If Od's got on board and used their staff to use the eyelogic system, they could double the amount of patients they could see. They could still check all pathology on all clients and refract the complicated patients. But let healthy patients be refracted by eyelogic. The system does work.

At some point I can see M.D. 's start using the system and open optical stores with the eyelogic model.

----------


## Oedema

> If Od's got on board and used their staff to use the eyelogic system, they could double the amount of patients they could see. They could still check all pathology on all clients and refract the complicated patients. But let healthy patients be refracted by eyelogic. The system does work.
> 
> At some point I can see M.D. 's start using the system and open optical stores with the eyelogic model.


Amus,

Very valid observations, however as an optometrist if I were to delegate refraction I would use better equipment (for less money btw) from a company that has not done all it could to marginalize my profession.  Eyelogic screwed themselves by overlooking and angering their biggest opportunity for sales; optometrists.  Game Over.

----------


## amus

Are the other systems better? If so then that makes eyelogic out of date. If not they still may have some value, I know that the eyelogic system is very easy to use, and has good results.

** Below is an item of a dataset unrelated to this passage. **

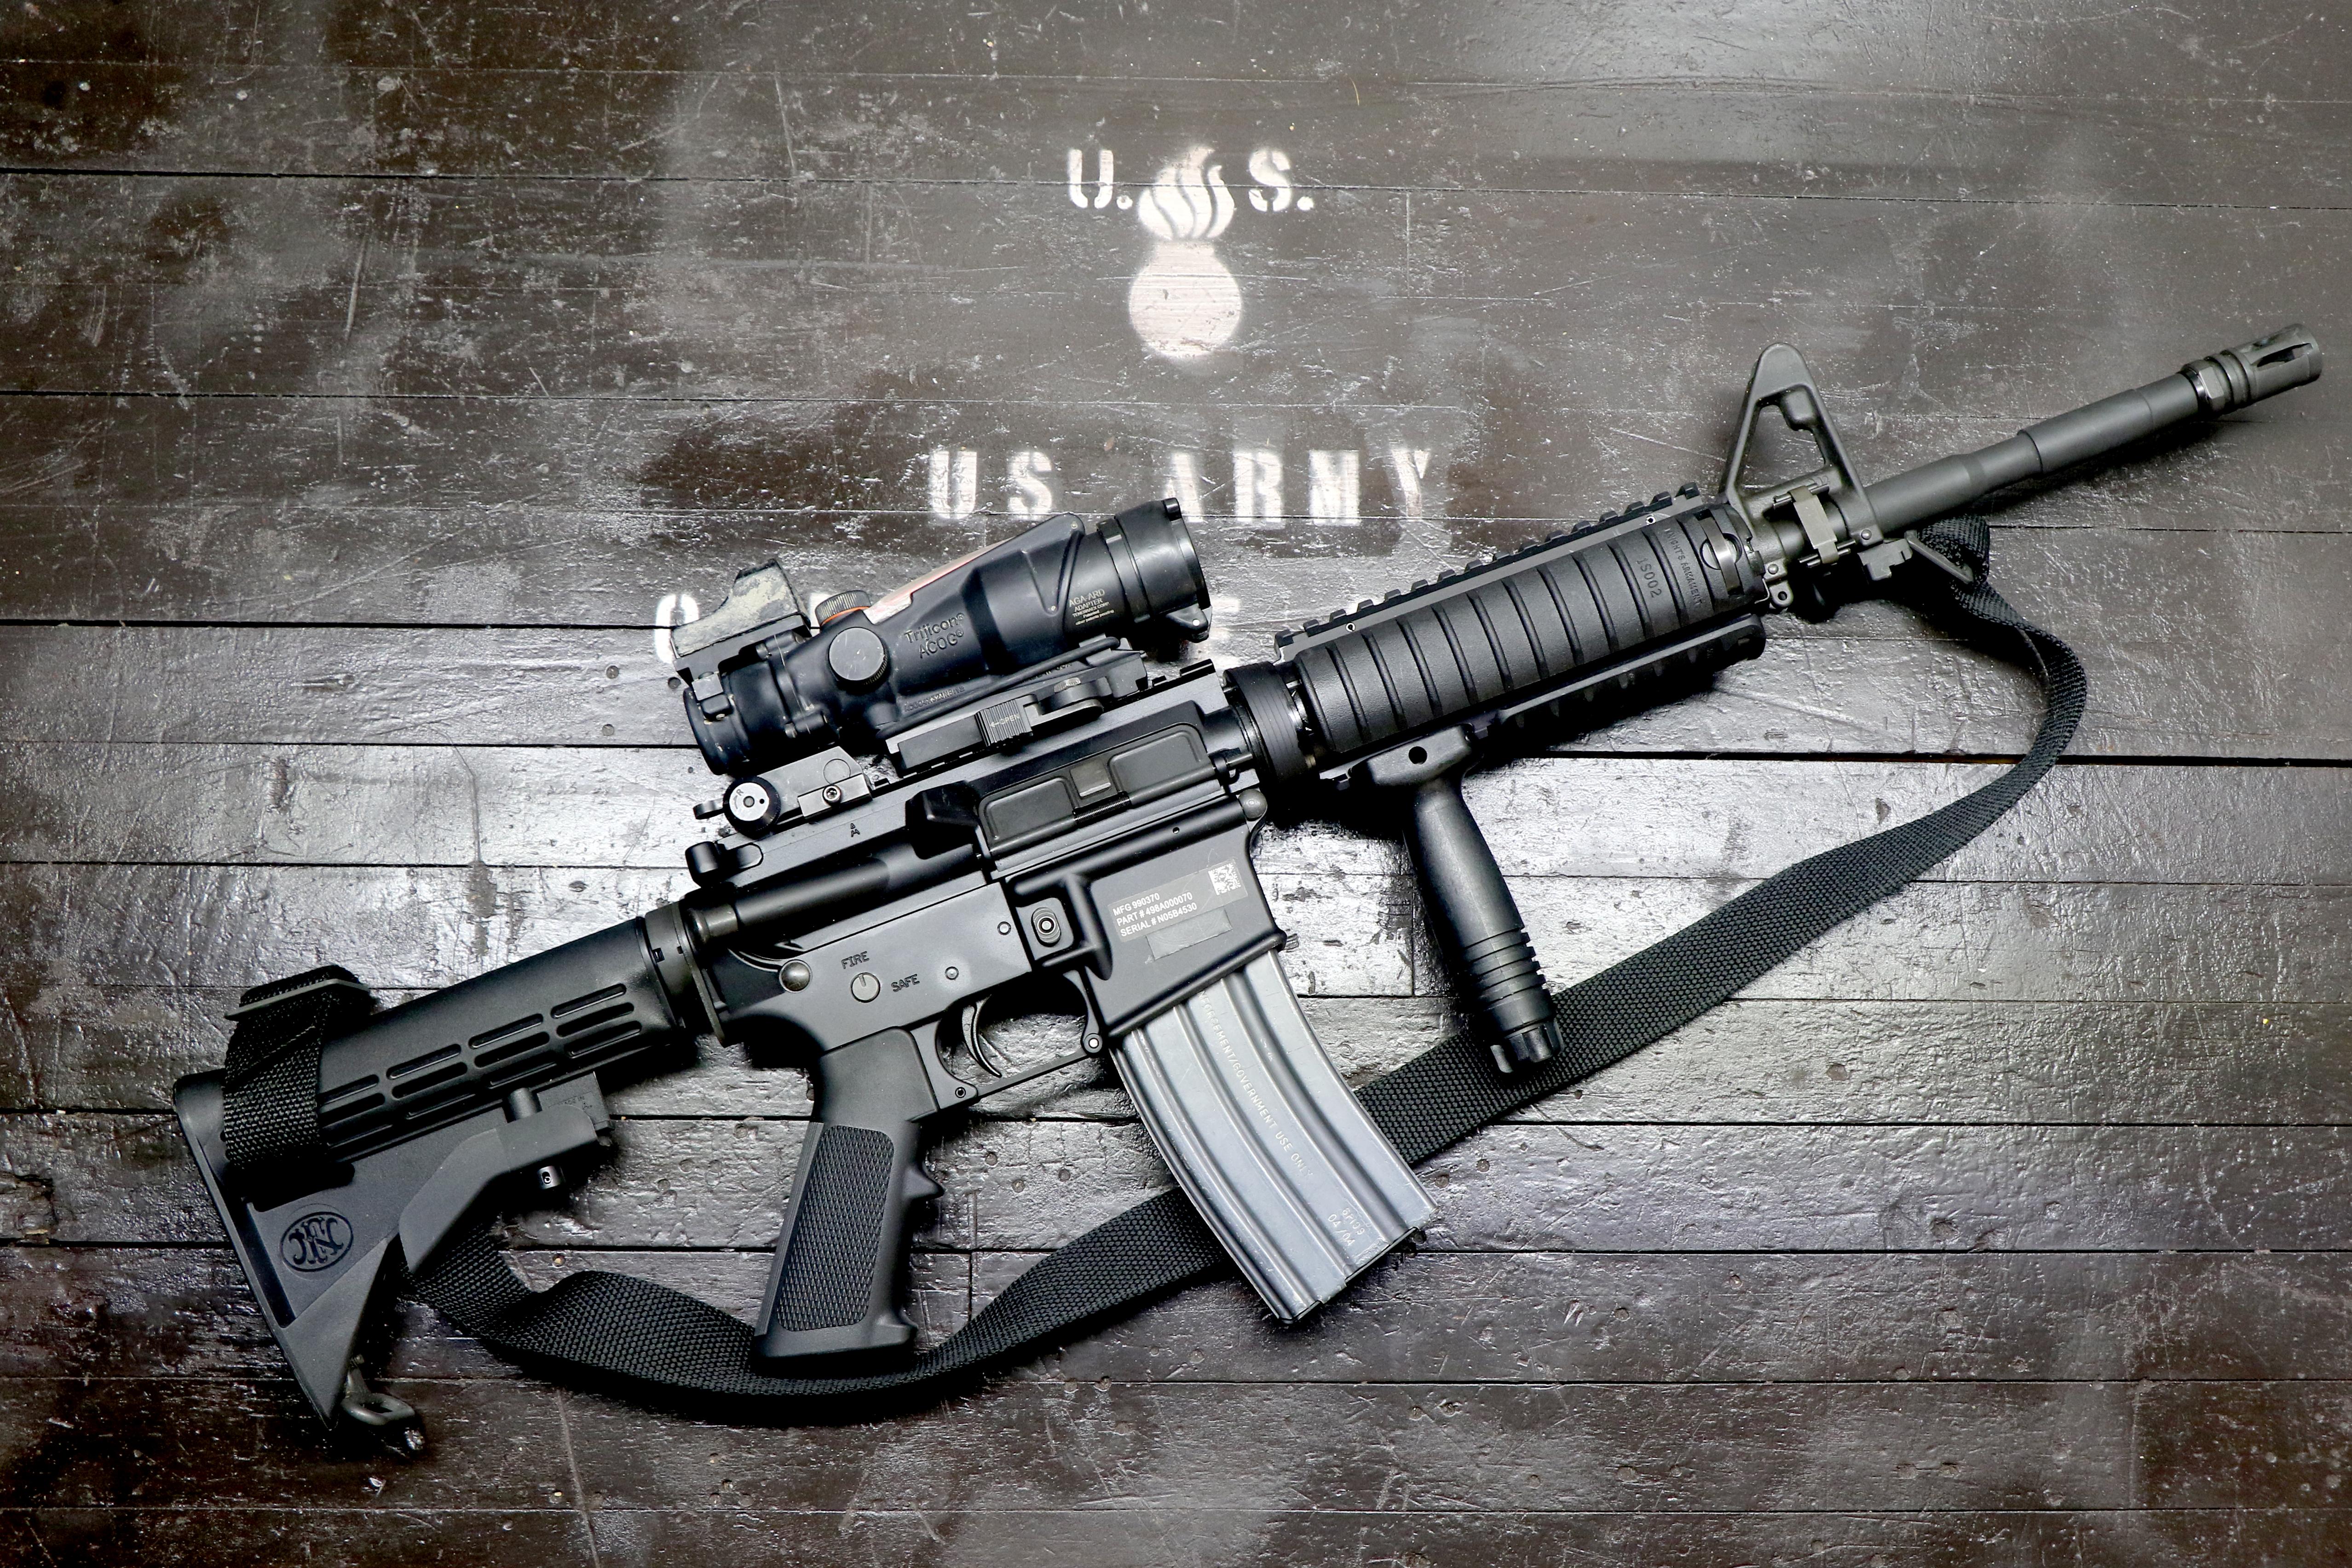 FN M4A1 Carbine

what scares me is that some big chain store will put that type of system in all their stores and have a one MD check and validate the rx by remote. Via tela medicine it just may happen. One live video feed from the store to the md.

----------


## Jacqui

> what scares me is that some big chain store will put that type of system in all their stores and have a one MD check and validate the rx by remote. Via tela medicine it just may happen. One live video feed from the store to the md.


I thought someone was doing this. If not it could easily happen.

----------


## Oedema

Where have you been?  Remote signing of an Rx was the original model. The only advantage of eyelogic is in the software - anyone with a heartbeat and at least one finger can operate it.  The other systems out there are MUCH better but require a skilled technician.

----------


## idispense

What system would you recommend ?

----------


## Chris Ryser

*Clinical Evaluation of the Topcon BV-1000 Automated Subjective Refraction System*







http://journals.lww.com/optvissci/Fu...V_1000.10.aspx


*GDR7000 Digital Refractor* 



Name: GDR7000 Digital Refractor 


Serial Number: GDR7000 Manufacturer Name: Gilras 

http://www.deviceoptical.com/pd-gdr7...-refractor.cfm


 
http://www.usophthalmic.com/Digital-refractors 

Product name*Digital Refractor* Category *Measurement & Analysis Instruments > Optical Instruments > Other Optics Instruments* Keyword*huvitz, optometric medical equipment, auto ref/keratometer, automatic lensmeter*  
http://www.tradekorea.com/e-catalogu...Refractor.html

----------


## doglas

the one i just got, was the topcon exam 5000, it's quicker, & a smaller foot print, which doesn't use the projected mirror system, but there is a catch....you (the optician) can't buy it from topcon canada, they won't sell to you ( i think there cutting there own throat with this one) i do believe they are in bed with the optometrist's, but anyways, if you know an optometrist it can be bought through them, which was one of my options (relative), but that's not the way i went, if you buy it out of the states, it was $20,000 CHEAPER! so i just shipped it here, & a double bonus, you get the (gst) back that you pay at the boarder...but google the topcon system, then you'll know what i'm talking about.

----------


## eyemac

_But let healthy patients be refracted by eyelogic. The system does work._

... if only determining who is 'healthy' were as easy as it sounds - given that an estimated 15% of (asymptomatic) patients presenting for a routine exam are diagnosed with some form of ocular pathology, a diagnosis that is not made until the conclusion of their *comprehensive exam*, the argument for stand-alone refraction is, and always will be, weak ...

----------


## LandLord

> _But let healthy patients be refracted by eyelogic. The system does work._
> 
> ... if only determining who is 'healthy' were as easy as it sounds - given that an estimated 15% of (asymptomatic) patients presenting for a routine exam are diagnosed with some form of ocular pathology, a diagnosis that is not made until the conclusion of their *comprehensive exam*, the argument for stand-alone refraction is, and always will be, weak ...



What's weak is the argument that a refraction and an ocular health assessment can't be separated.

----------


## eyemac

> What's weak is the argument that a refraction and an ocular health assessment can't be separated.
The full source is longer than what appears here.